PC Games Hardware: Preisvergleich auf www.pcgameshardware.de

das bild stimmt noch aber die entsprechenden treffer sind falsch (anderes board ohne 2 pciex slots)


----------



## riedochs (31. Januar 2009)

Der Preisverfall ist schon etwas seltsam.


----------



## Astimon (31. Januar 2009)

Ich dachte auch, oh - nen Foxconn so günstig - das holste dir.
Absolutes Top-Board zu Top-Preisen.
Nur der Temperaturfühler für die CPU war anscheinend kaputt - jedenfalls hatte das Board nicht die Absicht den Lüfter bei einer Temperatur von 64°C auf voller Drehzahl laufen zu lassen. (Das sollte der Lüfter nach den BIOS-Einstellungen (testweise von mir gesetzt) bereits ab 35°C machen.)

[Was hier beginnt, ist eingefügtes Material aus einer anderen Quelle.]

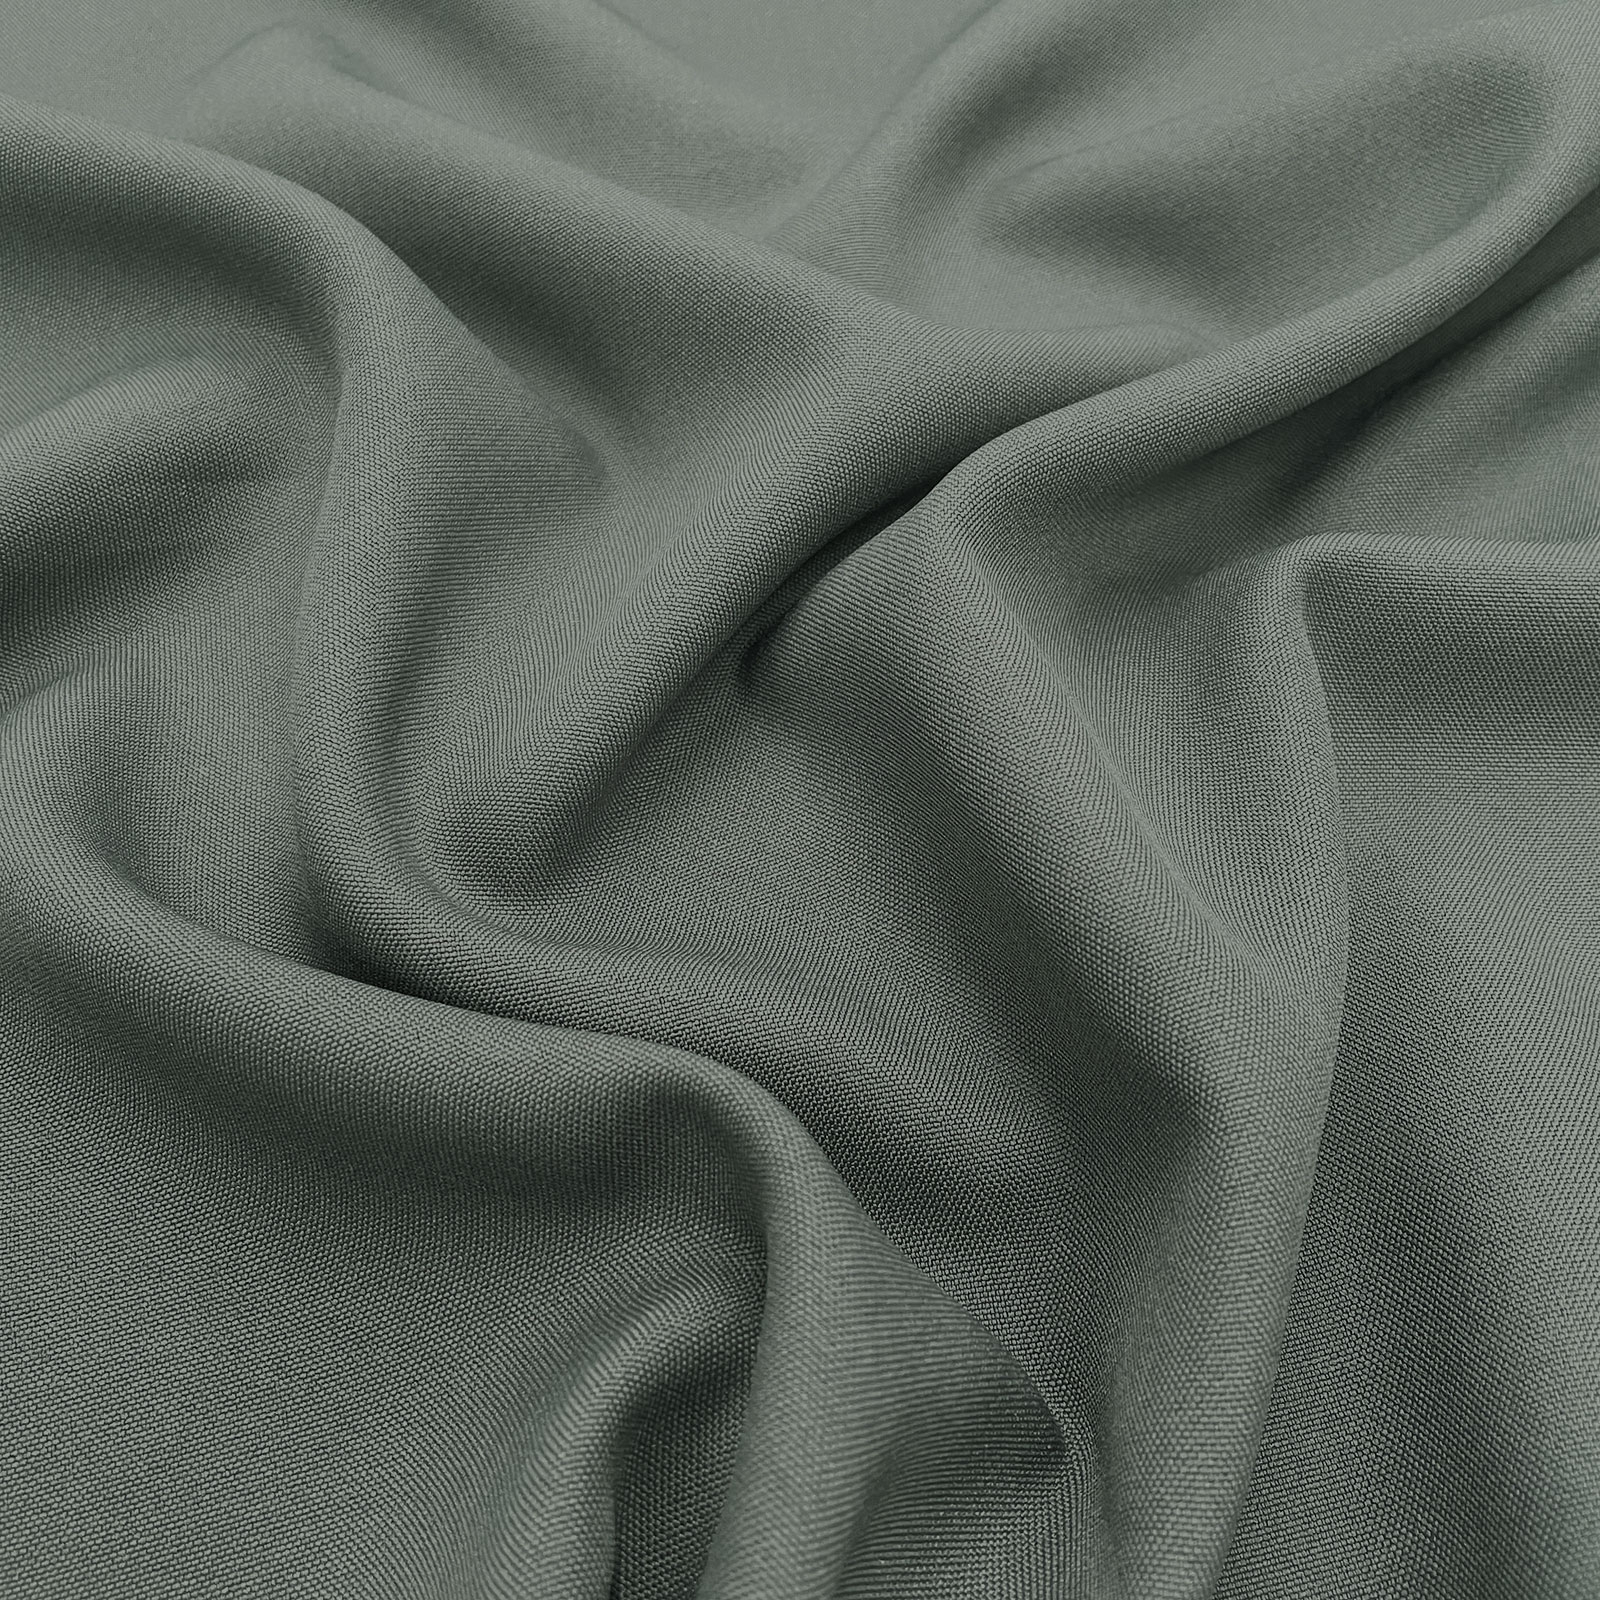 Trekking Functional fabric - slightly elastic & breathable - Dark Grey

Aber seltsam ist das schon, ein Preissturz von 40€...


----------



## Kosake (2. Februar 2009)

Bin auch am überlegen.
Das 780a SLI (AM2+) für ~160€, zudem wird es laut Support noch AM3 ready gemacht mit einem Bios Update.

Für einem Phenom2 sehr interessant, da dieses Mainboard selbst bei der Verwendung eines hohen Multiplikators zugleich unabhängig davon ein hoher Referenztakt benutzt werden kann.

s.FOXCONN Destroyer - Mainboards - Planet 3DNow!


----------



## Astimon (5. Februar 2009)

Wenn du am überlegen bist, dann kauf dir das Destroyer-Board schnell, die anderen Boards wurden wieder im Preis massiv erhöht.

Eine sinnvolle Begründung dafür hab ich allerdings:

Die Boards haben in den letzten Tagen viele sehr gute Bewertungen bekommen, und sind jetzt in den Listen, sortiert nach guten Bewertungen, sehr weit oben angesiedelt.
Gutes Marketing - Alternate!


----------



## tayna (5. Februar 2009)

allerdings ist das destroyer trotz seines gesenkten preises immernoch teurer als die anderen beiden


----------



## DiE_FiesE_FliesE (5. Februar 2009)

Schade die beiden Boards mit 790GX und FX Chipsatz sin wieder genauso massiv im Preis gestiegen wie sie gefallen sind  Nun ja das Destroyer ist noch günstig das werde ich mir auf jeden Fall holen (zusammen mit Phenom II) und dann gerne einen kleinen Bericht hier ins Forum Posten ^^

MFG DFF


----------



## PontifexM (6. Februar 2009)

Uziflator schrieb:


> Ich hab auch ne IGP auf dem Baord,das hat vorteile.
> Was willst du den machen wenn zB deine Graka den geist auf gibt?



dann geh los und kauf mir eine neue !


----------